Daily Math: Tournament Of Towns 2023 2024

Introduction

Here are my approaches to some problems in Tournament of Towns 2023/2024 (Fall 2023, Senior A-level.) I’ve heard a lot about Tournament of Towns, but this is my first try to solve problems in Tournament of Towns. I recorded time taken to solve each problem, to express how that problem was difficult for me.

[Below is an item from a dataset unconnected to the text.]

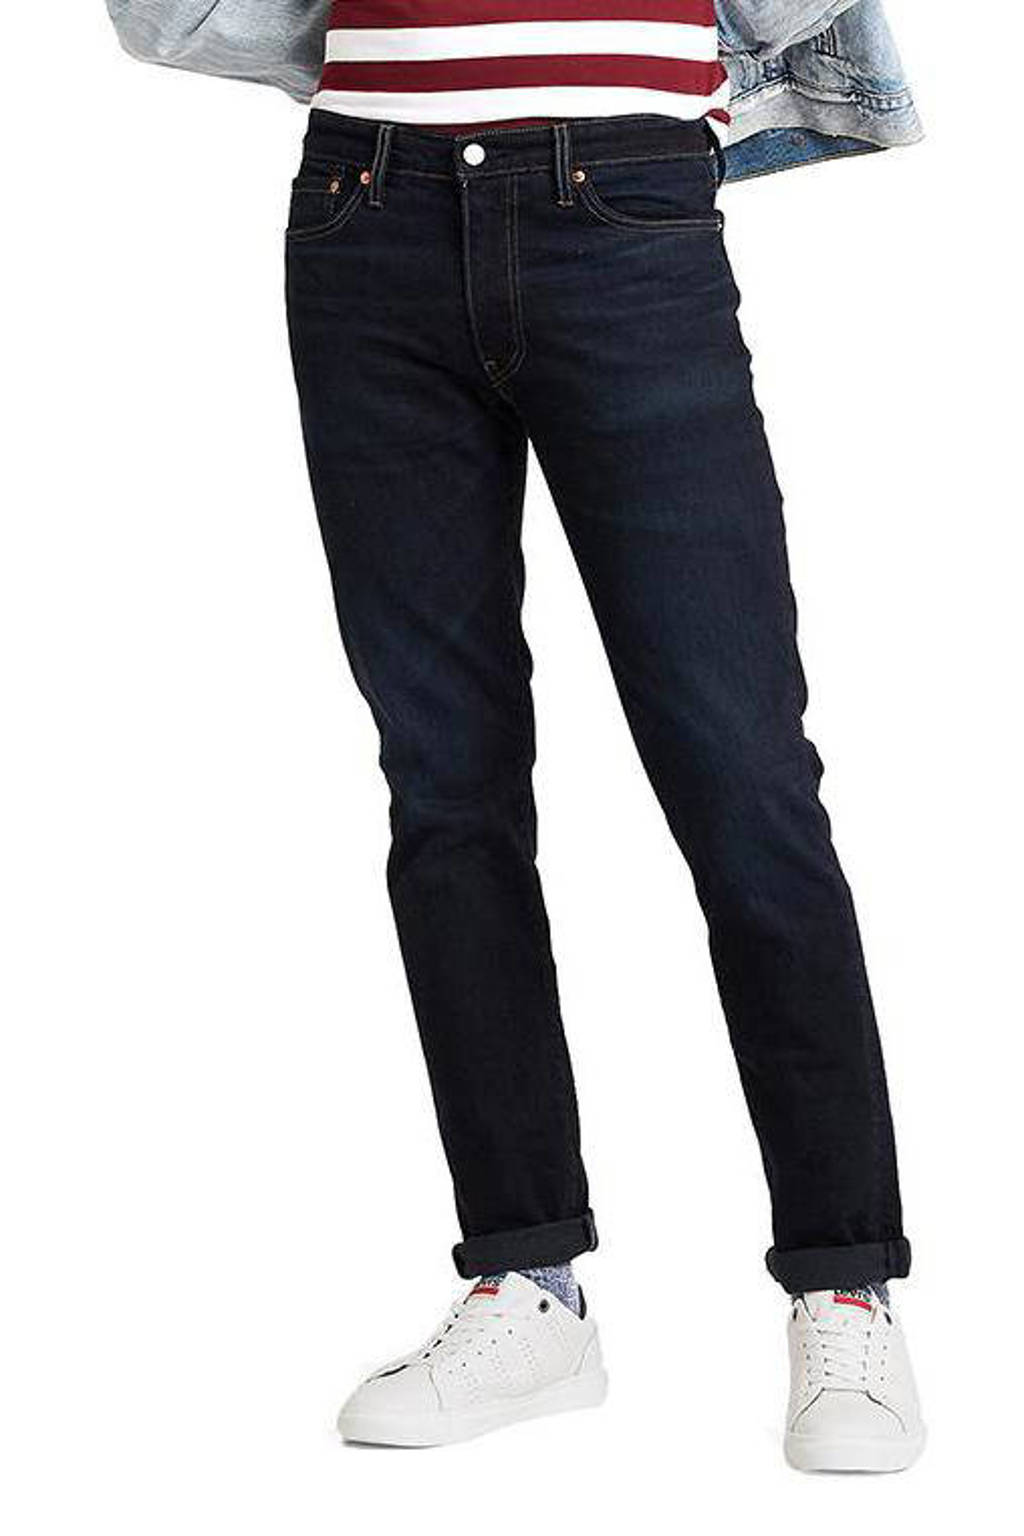 Levi's 511 slim fit jeans dark denim, Dark denim

These are not perfect solutions; they're my approaches (brief solutions), so there might be some logical loophole. Please let me know via comments :)

Check out the problems at here!

Problem 1 (≤5’)

After I read this problem, I was almost sure that the answer must be equal. In detail, I believed there must be a way to pair two roots completely. Fortunately, it was not so hard to find the way.

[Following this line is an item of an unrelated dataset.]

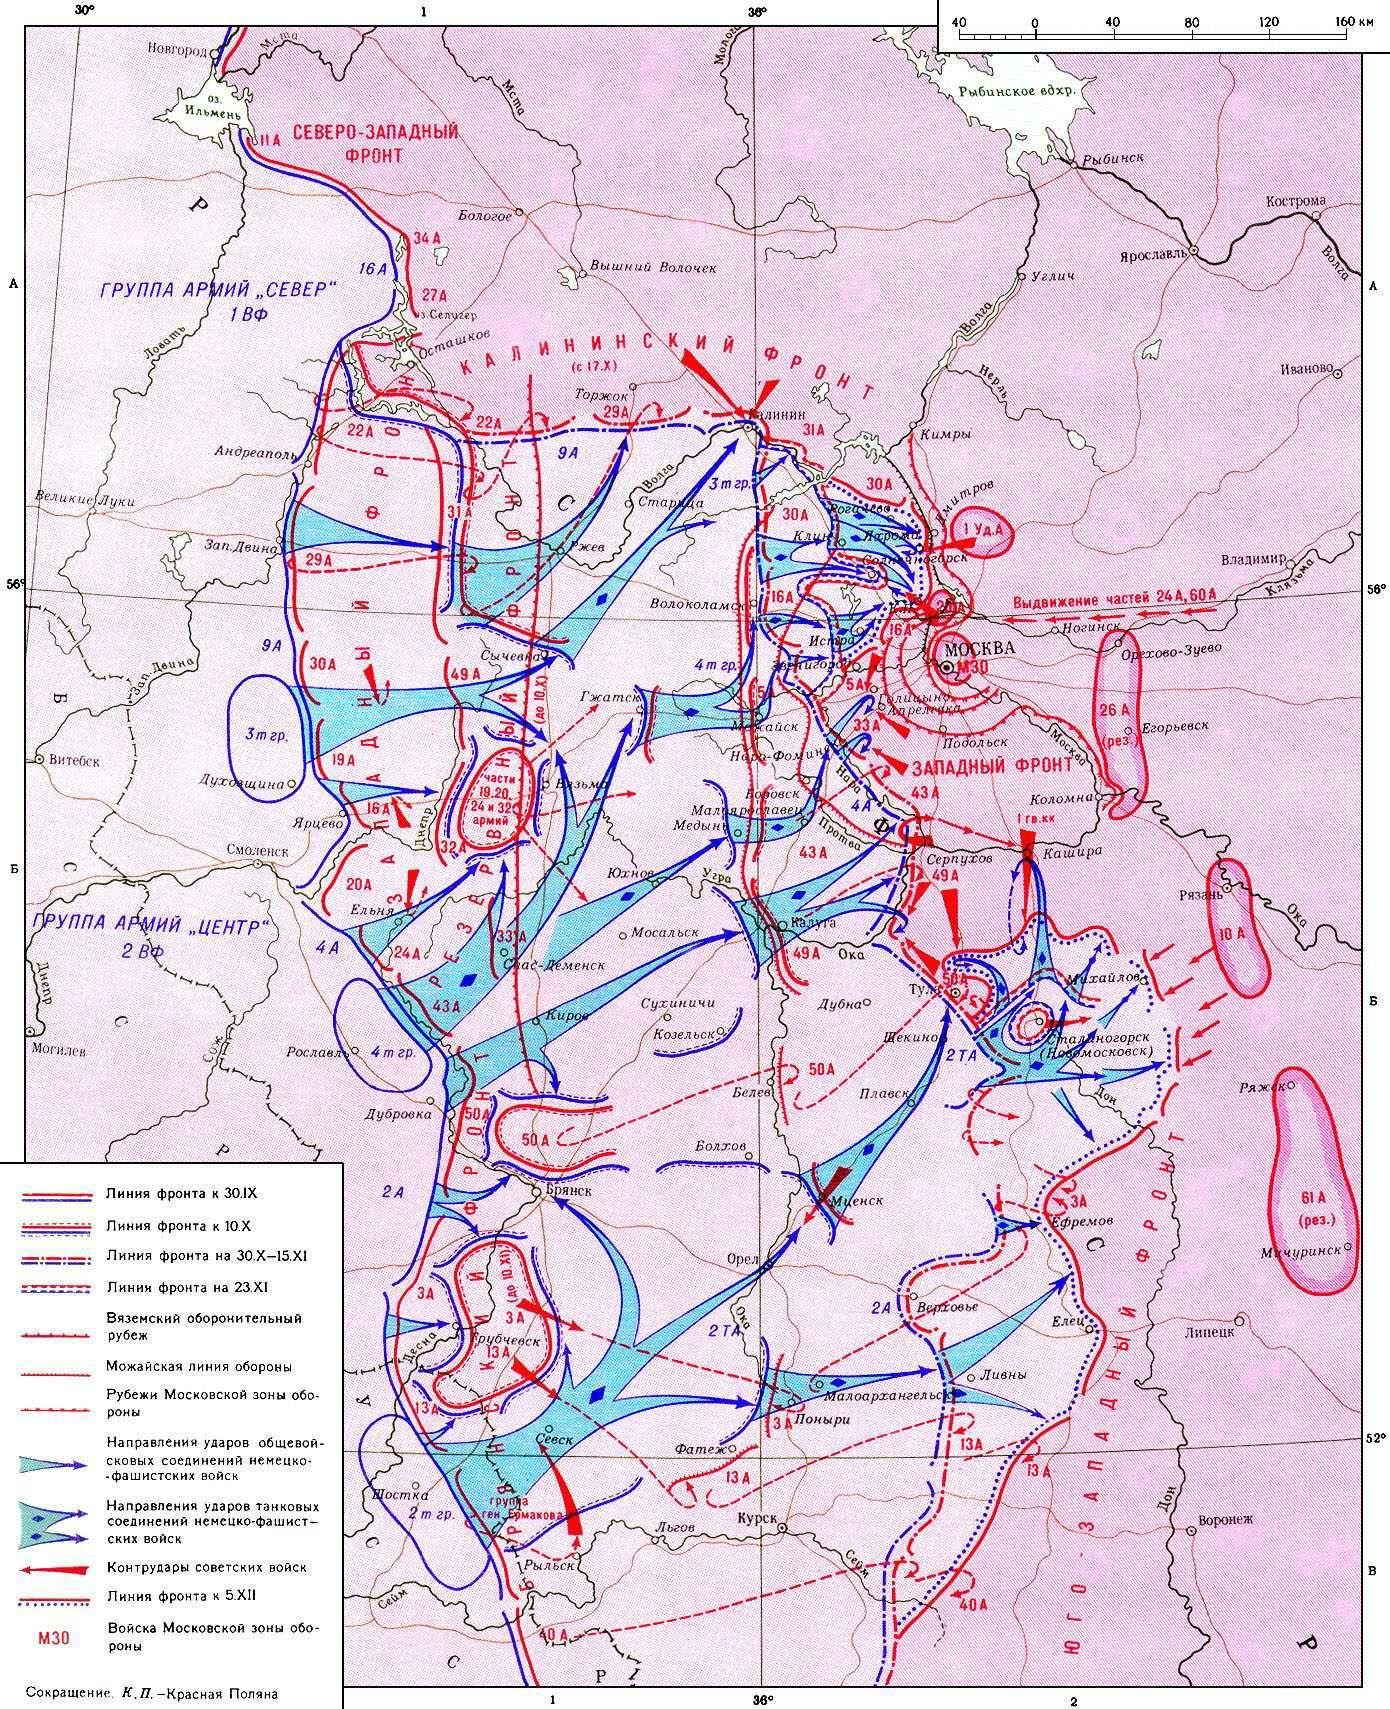 Bитва за Москву | Battle of Moscow (Map) | Red Army (Красная Армия ...

Let \[ p_{(a_0, a_1, …, a_{45})}(x) = \sum_{0\leq i\leq45} a_i x^i \] and \[ X_{(a_0, a_1, …, a_{45})} = \lbrace x~\vert~ p_{(a_0, a_1, …, a_45)}(x)=0 \rbrace \] where \(a_i \in \left\{1,2,...,46\right\}\). Then, we can easily show \[ \forall x\in X_{(a_0, a_1, …, a_{45})}\quad x<0. \] Also, it is trivial that \[ \left\lbrace\frac1x \vert x \in X_{(a_0, a_1, …, a_{45})}\right\rbrace = X_{(a_{45}, a_{44}, …, a_0)}. \] Because \(\left\lbrace x+1, \frac1x+1 \right\rbrace = \left\lbrace positive, negative \right\rbrace\) for \(x<0\),

\[ \left\vert\left\lbrace x \vert x\in X_{A} \cup X_{A^{-1}} \wedge x+1>0\right\rbrace\right\vert = \left\vert\left\lbrace x \vert x\in X_{A} \cup X_{A^{-1}} \wedge x+1<0\right\rbrace\right\vert \]

where \(A=(a_0, a_1, ..., a_{45})\) and \(A^{-1}=(a_{45}, a_{44}, ..., a_0)\). Obviously for every \(A\) we can find \(A^{-1}\neq A\), the answer must be equal.

Problem 2 (20’)

I tried to solve smaller problem first, so I generalized the numeral system and observed \(N\) from unary to ternary by hand. Let \(N(d)\) be \(N\) for \(d\)-base numeral system.

\[ {\lbrace N(d)\rbrace}_{d=1}^3 = \lbrace1,3,7\rbrace = \lbrace2^1-1, 2^2-1, 2^3-1\rbrace \]

From observation, I guessed \(N(d)\) would be \(2^d-1\).

Proof. \(N(1)=2^1-1\) (base condition). Let’s assume \(N(d)=2^d-1\) and show \(N(d+1)=2^{d+1}-1\) to apply mathematical induction. We can easily show \(N(d+1)\geq 2N(d)+1=2^{d+1}-1\) with a constructive solution:

\[ X(d+1) = X(d)\circ(d+1)\circ X(d) \]

where \(X(d)\) is one of the possible number whose length is \(N(d)\) and \(\circ\) is concatenation. Now let’s show \(N(d+1)\leq 2N(d)+1\). Obviously

\[ \left\vert\left\lbrace X(d+1)_i \in \lbrace1,2,…,d\rbrace \right\rbrace\right\vert \leq N(d) \]

and

\[ \left\vert\left\lbrace X(d+1)_i = (d+1) \right\rbrace\right\vert \leq N(d)+1 \]

because there must not be adjacent digits \((d+1)\). These two inequalities easily prove \(N(d+1)\leq 2N(d)+1\). Finally, \(N(d+1)=2N(d)+1 \Rightarrow N(d)=2^{d}-1\).